Tra i piaceri della lettura ce n’è uno che rimane spesso imbrigliato tra le pagine dei libri che leggiamo, quello della condivisione. Quante volte le parole che ci scorrono sotto gli occhi diventano fiumi che vorremmo navigare insieme a dei compagni di viaggio.
Esperienza non sempre a portata di mano per varie (ragionevoli) ragioni, ma anche per un’idea che vuole la lettura simile a un viaggio all’interno di un silenzioso scompartimento ferroviario (Peter Noll ne auspicava uno “per taciturni o per lettori”).
Nessun dubbio sulla difficile conciliabilità tra rumore e lettura, ma se a ‘fare rumore’ fossero i libri? Se, a un tratto, qualcuno accanto a noi iniziasse a guardarci negli occhi e ‘dire’ le parole di un libro? E se dopo di lui ne arrivasse un altro e poi un altro, tutti disposti a regalarci qualche istante di ‘letterario rumore’?
Una piccola rivoluzione che, vi assicuro, potrebbe stupirvi ed emozionarvi (molto) più del previsto.

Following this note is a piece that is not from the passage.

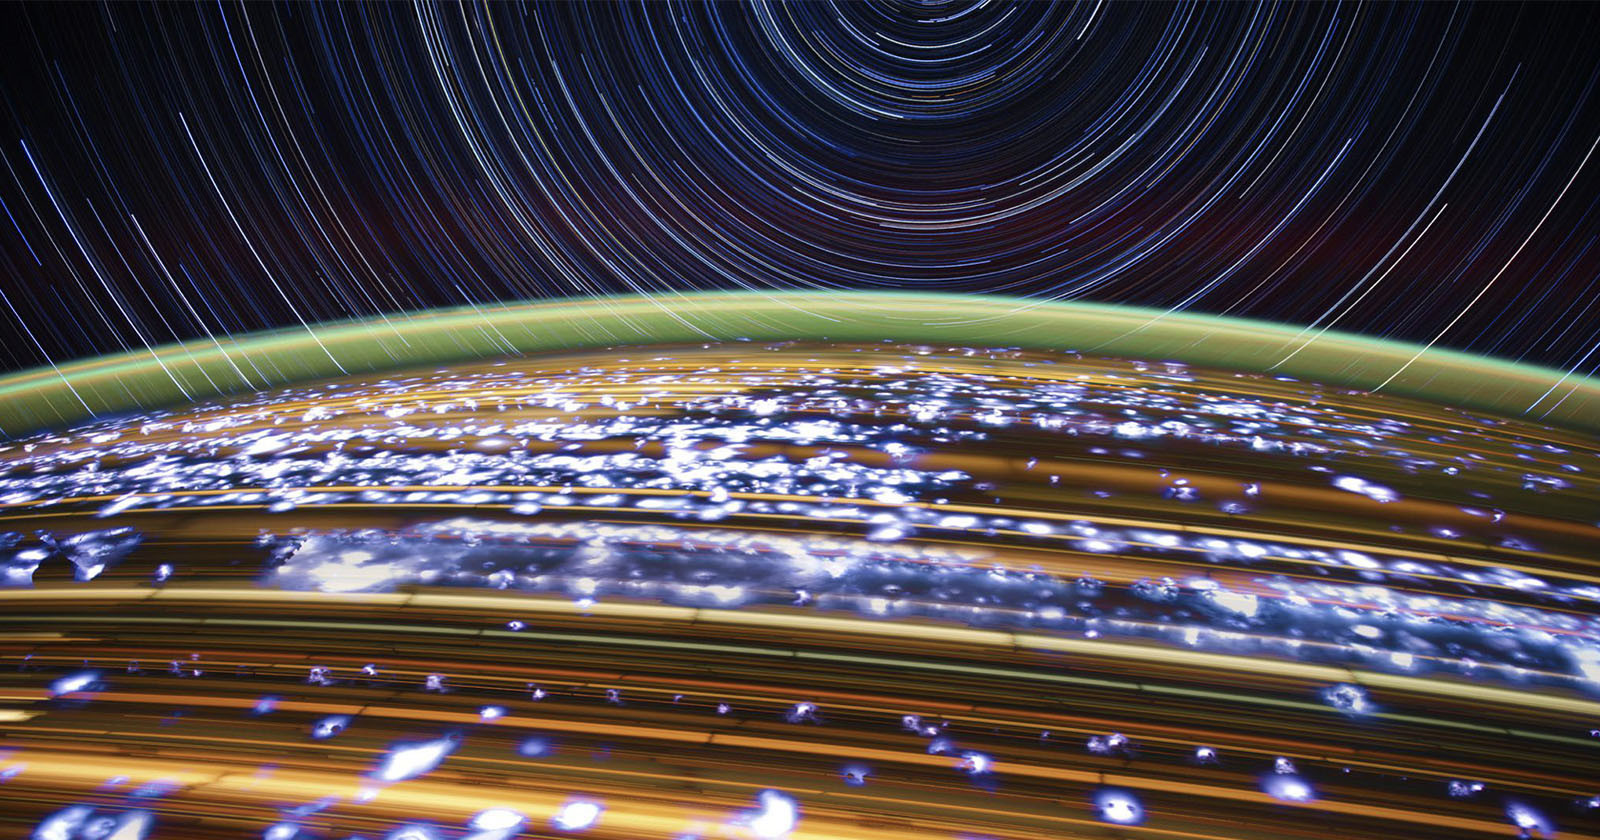 Astronaut Shares Incredible Star Trail and Lightning Photo Taken From ISS

Chi sono i rivoluzionari in questione? Un gruppo di lettori e lettrici che, imparato a memoria un brano, lo presentano a voce alta ovunque ci sia qualcuno disposto ad ascoltarli. Sono le “persone libro”. Un’idea nata in Spagna e da qualche anno diventata realtà anche in Italia.
Per saperne di più abbiamo incontrato Sandra Giuliani, presidente e fondatrice dell’associazione “Donne di carta”, nonché voce instancabile e cuore pulsante del progetto italiano “persone libro”.
Partiamo da “Donne di carta”: di cosa si tratta?
“Donne di carta” è il nome dell’associazione scelto dalle quattro donne che l’hanno fondata per rivendicare la maternità dell’idea. “Donne di carta” è un movimento culturale, nato nel 2008, che promuove la lettura in tutte le sue forme, supporti, mondi. Ma soprattutto un’idea estesa di lettura che non si limita all’oggetto libro.
Vuoi spiegarci meglio?
Per noi lettura è ogni atto d’interpretazione e comprensione del mondo. Si può leggere il muso di un cane, le stelle, una scritta sul muro, si può leggere persino con le mani. Dal 2009 “Donne di carta” è la portavoce italiana del Proyecto Fahrenheit 451 las personas libro ideato da Antonio Rodriguez Menendez. Un gruppo di lettori e lettrici che, dopo aver imparato a memoria brani di testi che amano, vanno in giro a presentarli a voce alta a chi ha tempo e desiderio di ascoltarli. L’obiettivo è promuovere un’idea della lettura come opportunità di relazione.
Arte dell’ascolto e della narrazione s’intrecciano negli interventi delle “persone libro” e suscitano sempre grande emozione nel pubblico: quali sono gli elementi chiave del progetto?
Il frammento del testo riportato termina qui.